PRESS RELEASE
Yim Yames of My Morning Jacket and Johnny Quaid Forge New Online Label: Removador Recordings and Solutions
Whether it’s collaborating with his band mates, recording guest vocals, or hand-picking opening acts,
My Morning Jacket’s
Yim Yames has always radiated a spirit of camaraderie with his fellow musician. Now Yames, along with his cousin and collaborator
Johnny Quaid, are launching
Removador Recordings and Solutions – an online platform to shine a light on some of the musicians that he admires and would like to share with the world.
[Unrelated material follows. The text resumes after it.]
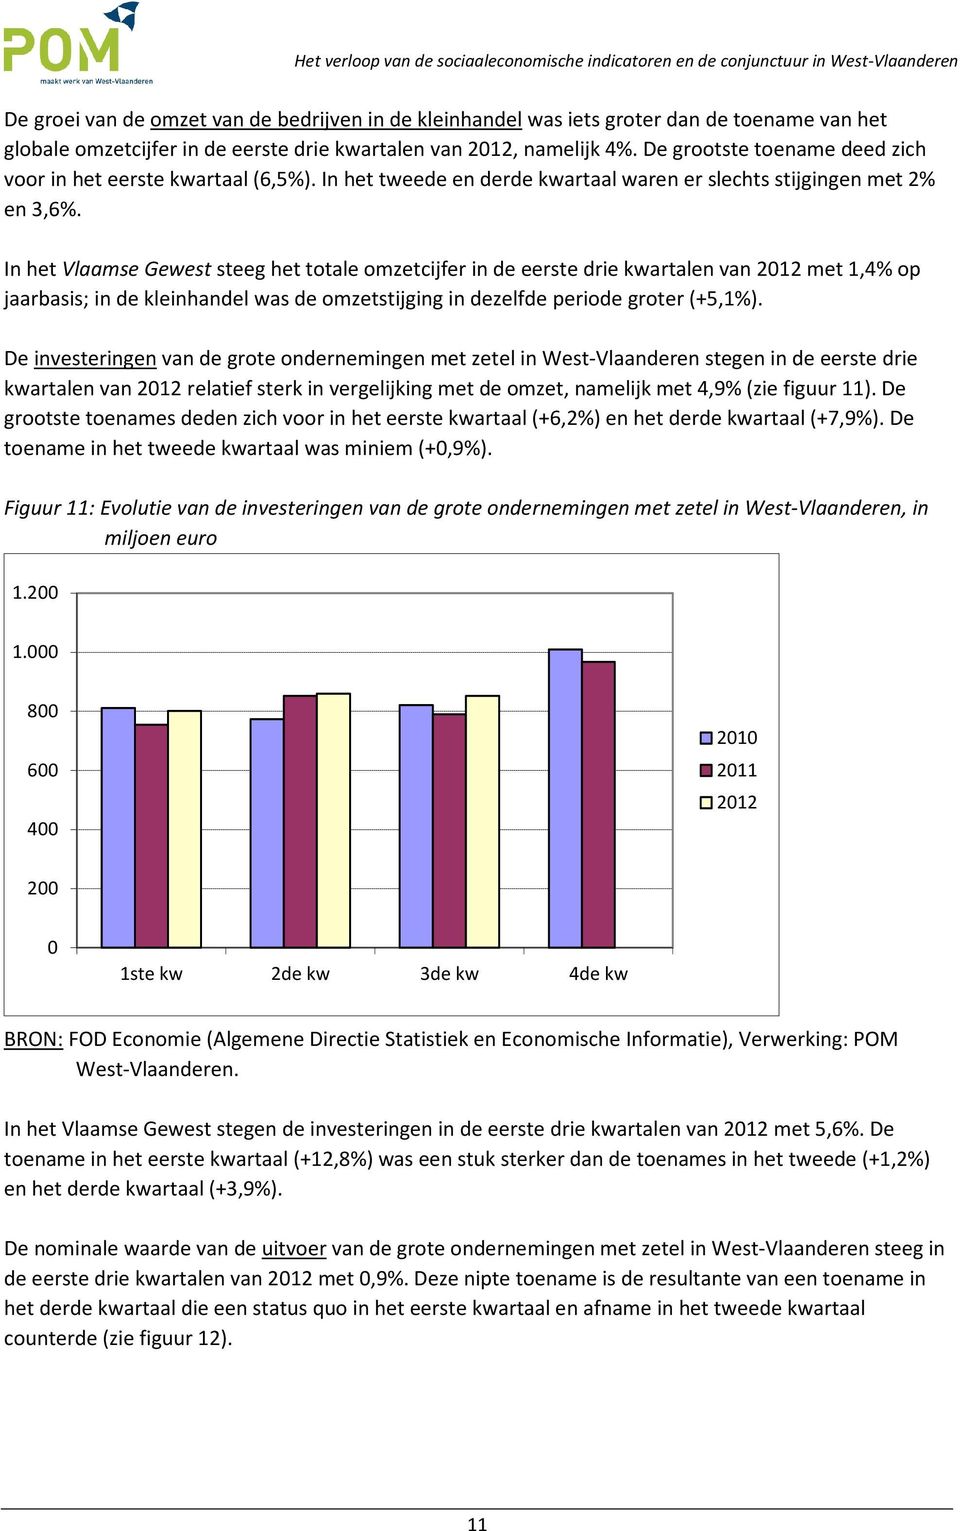 In het Vlaamse Gewest steeg het totale omzetcijfer in de eerste drie kwartalen van 212 met 1,4% op jaarbasis; in de kleinhandel was de omzetstijging in dezelfde periode groter (+5,1%).

The label will also help connect the dots between an ever-growing artistic community that Yames is apart of, reflecting his eclectic taste and steadfast passion for music. Below are the details for Removador’s first three releases.
Jan 19 – Cortney Tidwell –“Boys” – Cortney Tidwell blends her boundless imagination and voice to create “Boys.” Her second full-length record, “Boys” leaps triumphantly from style to style, with her voice being the silken thread that holds the album together.
www.removador.com/cortney-tidwell
February 16 – The Ravenna Colt – “Slight Spell” – The Ravenna Colt’s “Slight Spell” is a debut album bursting with an impassioned and dreamlike sentiment. The group, which is helmed by former My Morning Jacket guitarist
Johnny Quaid, combines its myriad influences into a dark, spacious plane, highlighting its cosmic yet truly American style.
www.removador.com/the-ravenna-colt
March 16 – Follow The Train – “Mercury” – “Mercury” is a nine-song psychedelic journey into musical space. A potent and volatile mixture that pays tribute to the shoe-gazers of the late 1980’s and early 1990’s, “Mercury” proves itself to be a compelling attraction to the ears.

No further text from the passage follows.